Asking staff to record every minute of their working day can leave employees feeling unnecessary pressure and as if they aren’t trusted to do their jobs. When employees don’t feel trusted, trust has the potential to be broken both ways.
Chaining people to their desks
Over the past few years, the importance of having a healthy work-life balance has been stressed more than ever. The fact is, people work better when they have time for things that don’t revolve entirely around work.
As a manager, being too nit-picky about the hours an employee logs in their time tracker each day can cause real problems.
Staff are humans, not machines — they need toilet breaks, coffee runs, time off for personal appointments and an early finish every now and then.
Time tracking often ignores these crucial elements of a working schedule. It can even cause employers to penalize staff for not spending a certain amount of “profitable” hours at their desks. The bottom line is this is completely unrealistic.
Related: The Importance of Striking the Right Work-Life Balance
Privacy concerns: Is it unethical?
Then, there are the big concerns around surveillance.
Not only can there be legal requirements for monitoring staff productivity, but the morality of following a person’s every move must also be questioned.
People come to work to do their jobs, make money to live and reap the rewards of their efforts during their downtime. What they don’t want is to feel like they are constantly being watched or waiting to be criticized for not working hard enough.
Excessive supervision can be a huge demotivator for employees. It can cause them to question what other activities are being monitored themselves, which can lead to serious conflict.
Related: It’s a Job Seeker’s Market — Here’s Why Employers Should Think Twice About Using Surveillance Technology
Tricking the system
When employers are too strict about how their staff uses time-tracking software, it leaves room for deception. This is even more true with the increase in people working from home.
If you are not sitting in the office and physically monitoring what employees are doing, there is no way to tell if they are actually doing the work. Your marketing manager could have their time tracker running on a client job while lounging on a beach in an entirely different country. You could be none the wiser.
This is where it comes back to the trust factor. If employees feel too constricted by the pressure to make every second of work count, they might be more inclined to cut corners.
Don’t overcomplicate success
There is a common misconception that tracking your employees’ every move will allow you to determine exactly how much value they add to your business.
However, the reality is that there is no way to 100% accurately measure a business’s success with this software. The key thing to remember here is that there is a distinct difference between productive and profitable.
Take staff meetings, for example. They might not generate income directly, but they are necessary to keep your team up to date, moving in the right direction and on the same page. Without “non-billable” activities like these, a business can’t function effectively. The same goes for client prospecting or networking – the success of these interactions is too complex for time-tracking software to measure.
Related: Defining Success: 4 Key Measurements That Go Beyond Revenue
Food for thought
While I am in no way suggesting business owners rule out time-tracking software completely, as you can see, there is a lot to consider.

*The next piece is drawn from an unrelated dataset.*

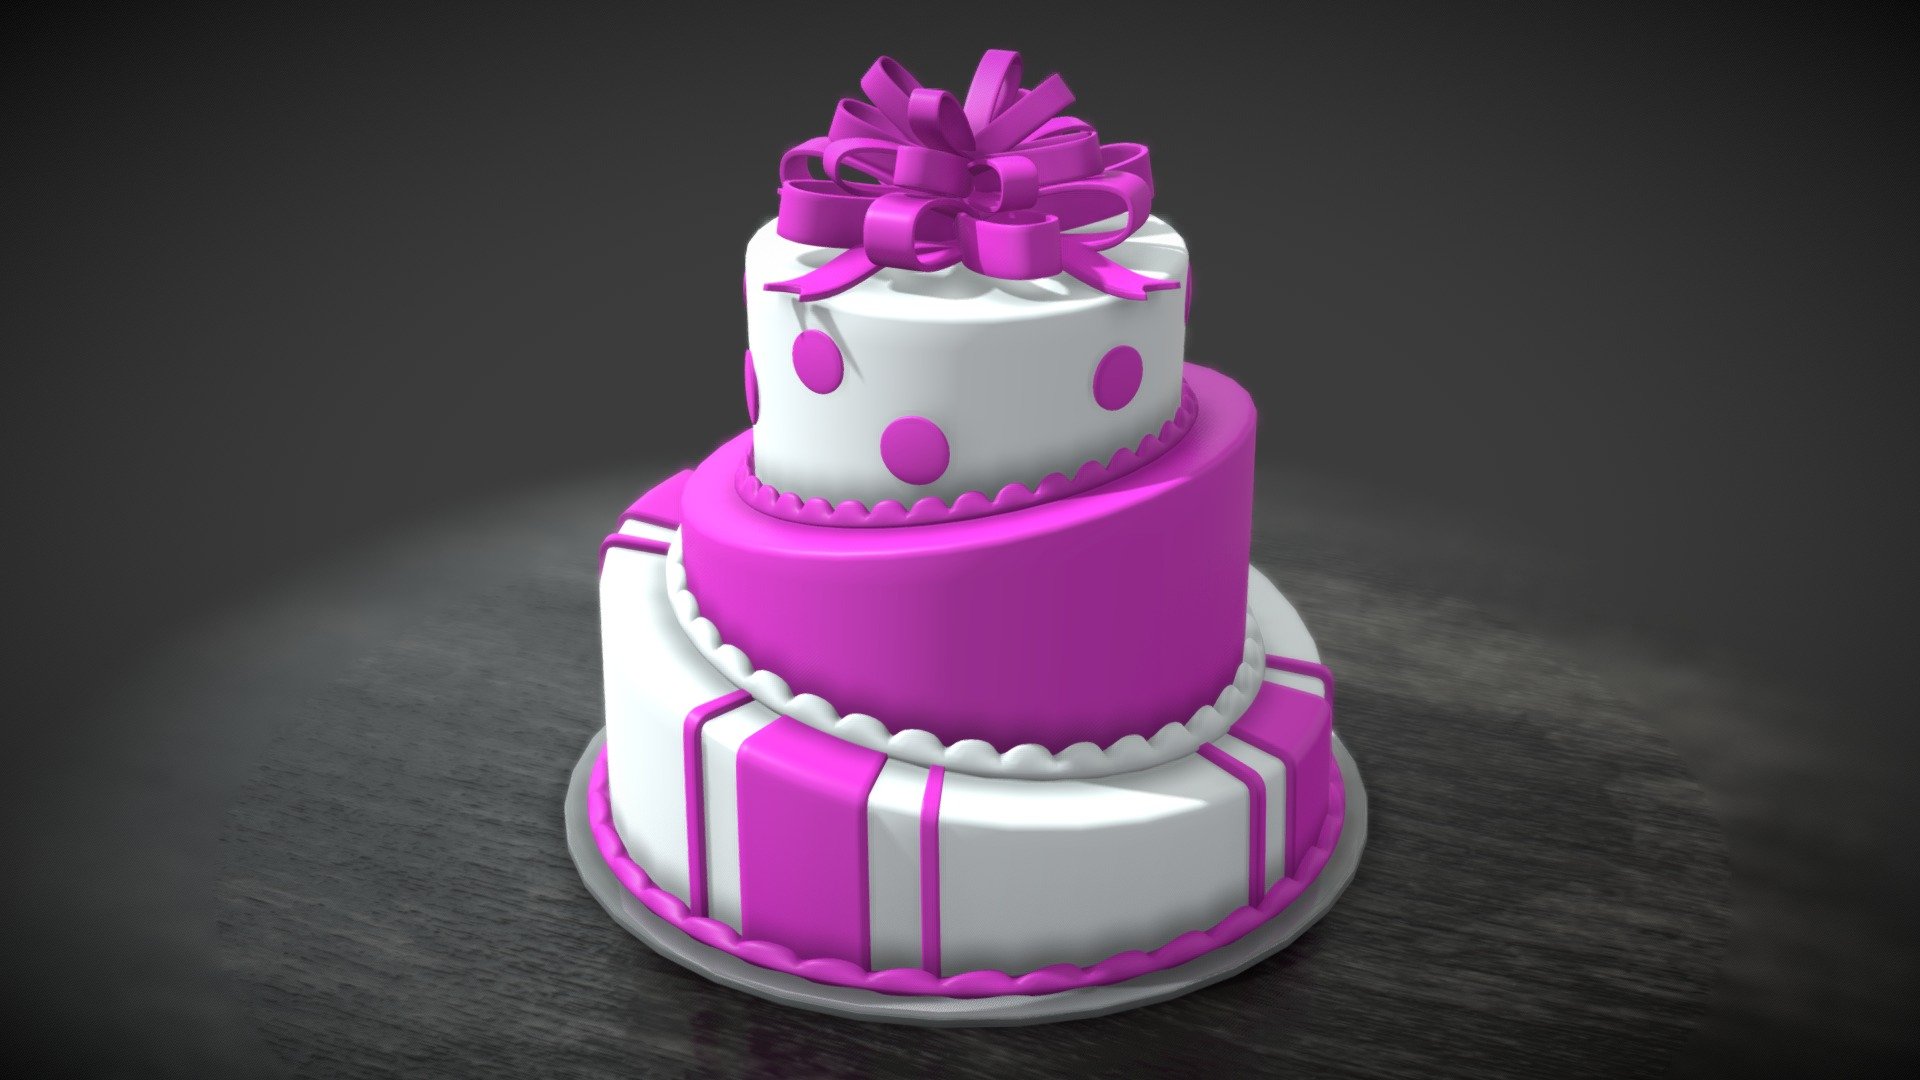 Birthday Cake by Max ⚡️ Osichka on Dribbble

If you choose to use these systems in your workplace, it’s paramount that you find a way to use them that doesn’t restrict your team’s ability to do their job — or backfire.
Transparency is everything. Let your staff know exactly how time tracking will be implemented and monitored from the start, and allow them to raise any concerns they may have. It’s also a must to regularly review what is and isn’t working.
And if you think time tracking isn’t the right fit for your business, there are plenty of other, more traditional ways to measure its success without it.